Thank you so much Dobzre, yes it did helped me out! i did attend a 1 day workshop of making basic cakes before and I actually enjoyed it! the only problem was it was over before it even began! time flied by so fast, I only have a few books with me, although most of the time when i am in a library i would often check out pastry books with complicated stuffs, I haven't done any breads yet, my closest encounter to yeast is making cinnamon rolls and sticky buns. My cousin did showed me how to make a simple bread but i haven't made one on my own. Some of the books i have are Dorie Greenspan's baking from my home to yours, the cake book(forgot the author), cookie bible and chocolate(sorry i forgot the author as well). Just so you know, I'm not from the States so if i am gonna take the classes i would be a foreign student there. If it also helps for some reason my mind revolves mostly on pastries!whenever you see me thinking very deeply, that would only mean that i am thinking what i am going to bake next! and nothing beats the satisfaction the smiles you give to people when you bake a successful treat! as to the part of being a standout, i'm not really a standout kind of person i think, however i am a very curious person to some point sometimes my questions would seem simple?but i always wanted to understand things that is why i ask even the most simple questions. Well, my mom did say that i was a determined girl. Right now i'm still far along from making great selling quality cakes cause i have problems with textures. I am ambitious too! I attempted making French macarons, although 3x i failed ahahaha! but i think i am improving and i don't mind getting back at that chapter once again, i also attempted puff pastry(i know, i wasn't exaggerating when i said i was ambitious) and i also failed 3x but i am about to give it another go. In terms of business experience, not really I did sell my baked goodies when i was 12, for some reason i don't know where all that guts went to. I think my problem is also more on the confidence and in a way i think that by having a proper education will help remove that. I'm sorry but since i am still new here how do i get to see your albums? i'm quite excited to see them! many thanks for your advice!


----------



## dobzre (Mar 3, 2011)

http://www.cheftalk.com/gallery/album/view/id/1601/user_id/41318

I to failed at making macarons the first few times.


----------



## panini (Jul 28, 2001)

Dobzre,

REALLY? REALLY? FOR REAL?

Quotes:

"Pastry chefs are kind-of weird... mostly geeky guys, standoffish, perfectionists. I'm a bit more laid back not like these older guys "you must knead ze bread 465 times exactly!" No thats silly, that is what will discourage kids, focusing on the "science" of baking as opposed to the joys and passion is what turns most people off".Then i went on to playing with chocolate and sugar

"Then i went on to playing with chocolate and sugar" ""
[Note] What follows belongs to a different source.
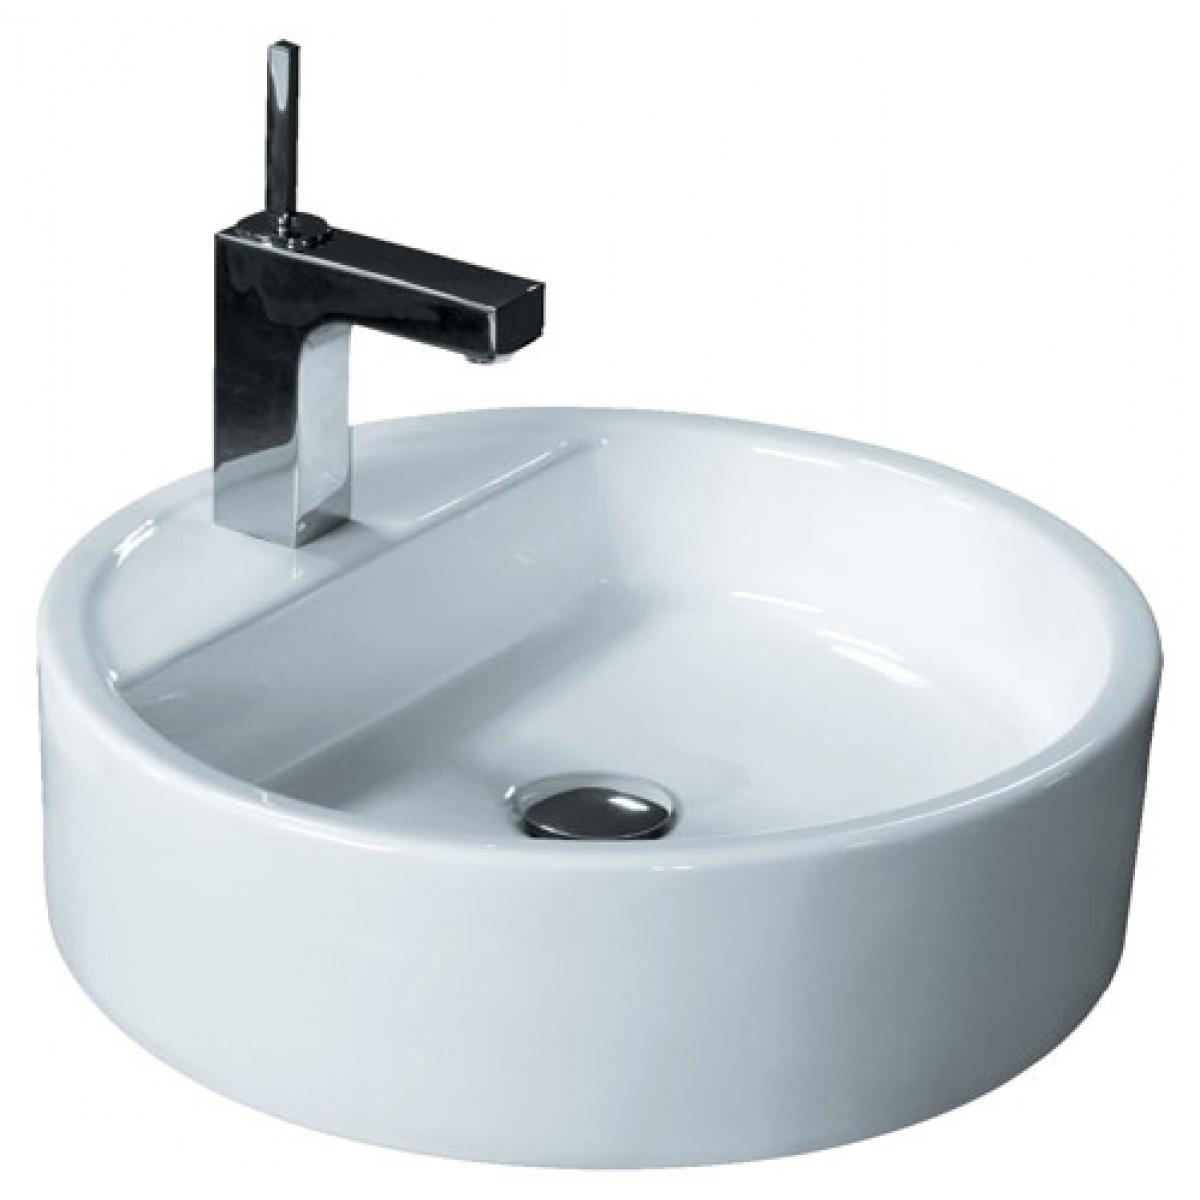 Round Porcelain Ceramic Single Hole Countertop Bathroom Vessel Sink 18 X 4 Inch

"After about 2 years I was proficient enough to do showpieces, breads, and advanced plated desserts, with no formal train

you have learned everything in a couple of years

Your friend/img/vbsmilies/smilies/peace.gif

panini

advice like this is a little disturbing.i don't know what happenedxscf


----------



## dobzre (Mar 3, 2011)

I'm confused... Should I have told them the horrible things? And that they should give up their "pipe dreams" and become a doctor/lawyer? I enjoy what I do and I wouldn't discourage anyone from following in my foot steps. I saved lots of money this way as well. I consider a pastry chef and a cake decorator in two seperate schools of thought, "snoopy" being young and new to all of this I know for a fact that many do not end up in the the profession they desired to be before entering school. I am simply telling this person to learn everything involved and find out what they enjoy most. Since you reposted my quotes did you happen to come across this one

"While there is nothing wrong with sticking to cakes, get a feel for other things in the pastry world, you may find out you just LOVE confections, or bread (like me)"

or what about this one

" In that first cake decorating class, ask yourself, "can i do this and only this day in and day out?" If the answer is yes, you have found your passion and you should learn every single thing you can about it!"

Heres one of yours:

"I'm not so sure that the kids coming up can."

!?!?!?!?!?!?!?!

Snoopy mentions the SF Baking Institute, I know this school, their program is all inclusive. Why go there when their interest is only in cakes? Seems like a huge waste of money to me, when there are these Wilton folks around.

Don't worry I have no troubles seeking employment.


----------



## panini (Jul 28, 2001)

If you are in high school you are a kid.

Been in the business for a couple of years, you are a kid.

Snoopy does not want to be a pastry chef.

He or she wants to own something.

I TOLD YOU THIS WAS JUST MY OPINION but your advice seemed to be ME,ME,MEME,ME

Telling a young person the old farts preach science, not the joy...

Forget it, not worth my time. You'll understand once you age some in the industry.


----------



## snoopy07 (May 4, 2011)

Hi panini and Dobzre! thank you for your advices and opinions, i'm considering about both your advices and hopefully i would come to a conclusion!

many thanks!


----------